The Washington Post talks to Brian LeBlanc about using humor as a coping mechanism when facing his own dementia diagnosis. This is a tough disease. At times it’s very frustrating. But taking each situation with a smile and a sense of humor truly yields better results for the person living with the disease and their care partner.
For anyone wanting to switch the narrative in their own mind about aging and dementia, consider looking into the Changing Aging Tour and the Disrupt Dementia Act. Dr. Bill Thomas will leave you renewed, empowered, and with an appreciation for your own aging. I strongly recommend viewing his TED talk for a quick pick-me-up on your role as an elder.
This mindset shift is embedded in the culture of our Clare Bridge dementia care communities. Years ago we stopped using the term “suffering from” when talking about dementia. If you spend time in a Clare Bridge, suffering is not what you see. You see life, relationships, acceptance and a whole lot of humor.

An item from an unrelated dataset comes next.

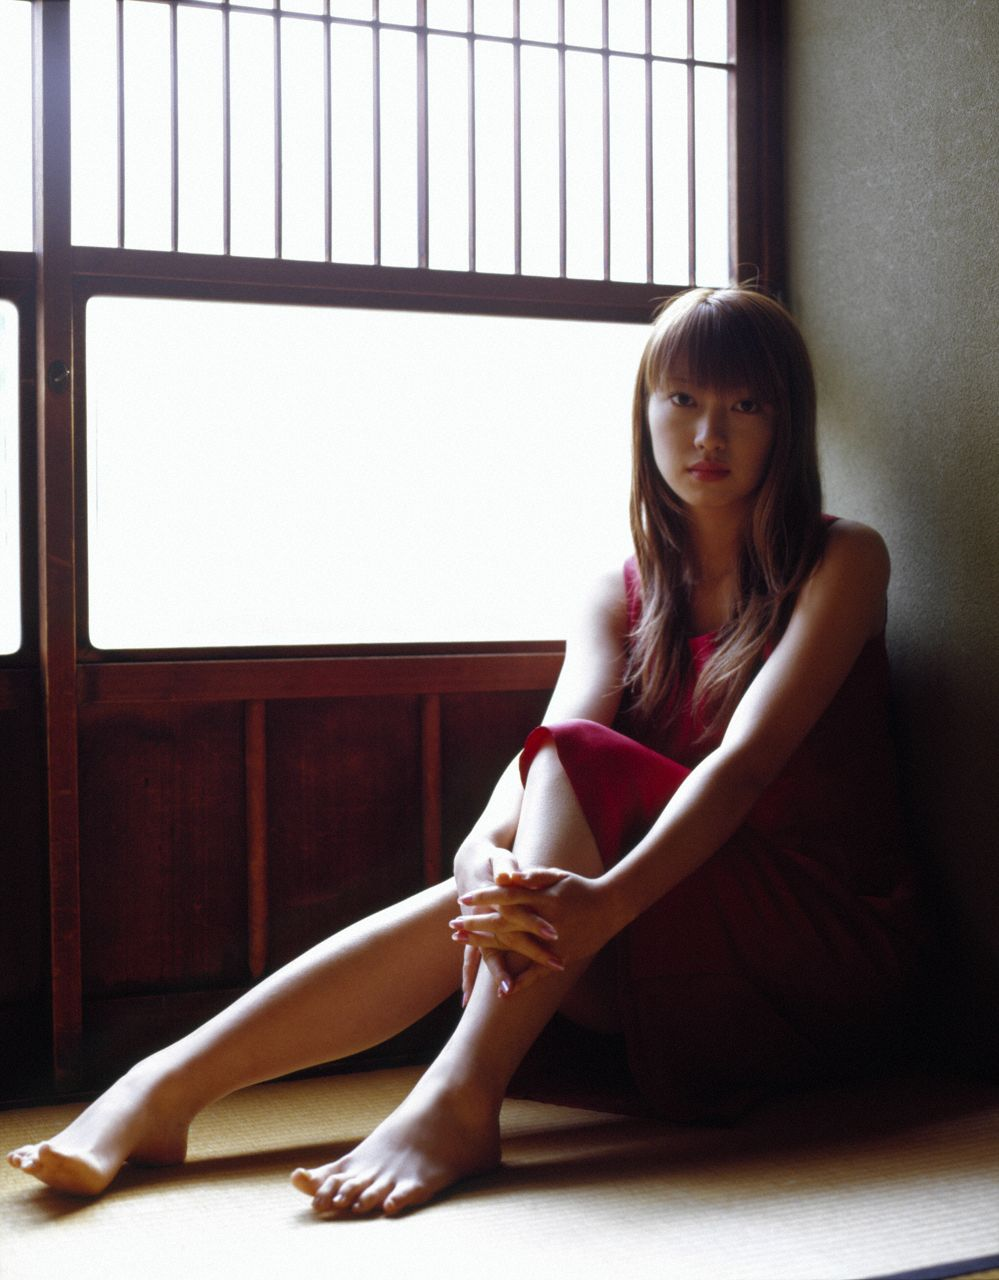 [Hello! Project Digital Books]No.27 Yuko Nakazawa 中澤裕子 + Kaori Iida 飯田圭織 + Natsumi Abe 安倍な[102P] Hello! Project 第3张

Jennifer Carson, a researcher who is quoted in the article, is absolutely right when she says, “Alzheimer’s can be a liberating event, an opportunity to fly.” Due to a lack of inhibition, or a lack of remembering all of those fears that keep us from expressing ourselves, there is a freedom of expression that accompanies dementia. That freedom can truly be fun! At Brookdale, we dance, we sing, we hug, we laugh.
If only they knew!
What’s most exciting about this article is that our quest to change the doom-and-gloom dementia narrative made it to the public square. It’s about time! The willingness to see dementia in a different, more positive light requires adaptability and an open mind for sure, but the results are a better life for everyone involved.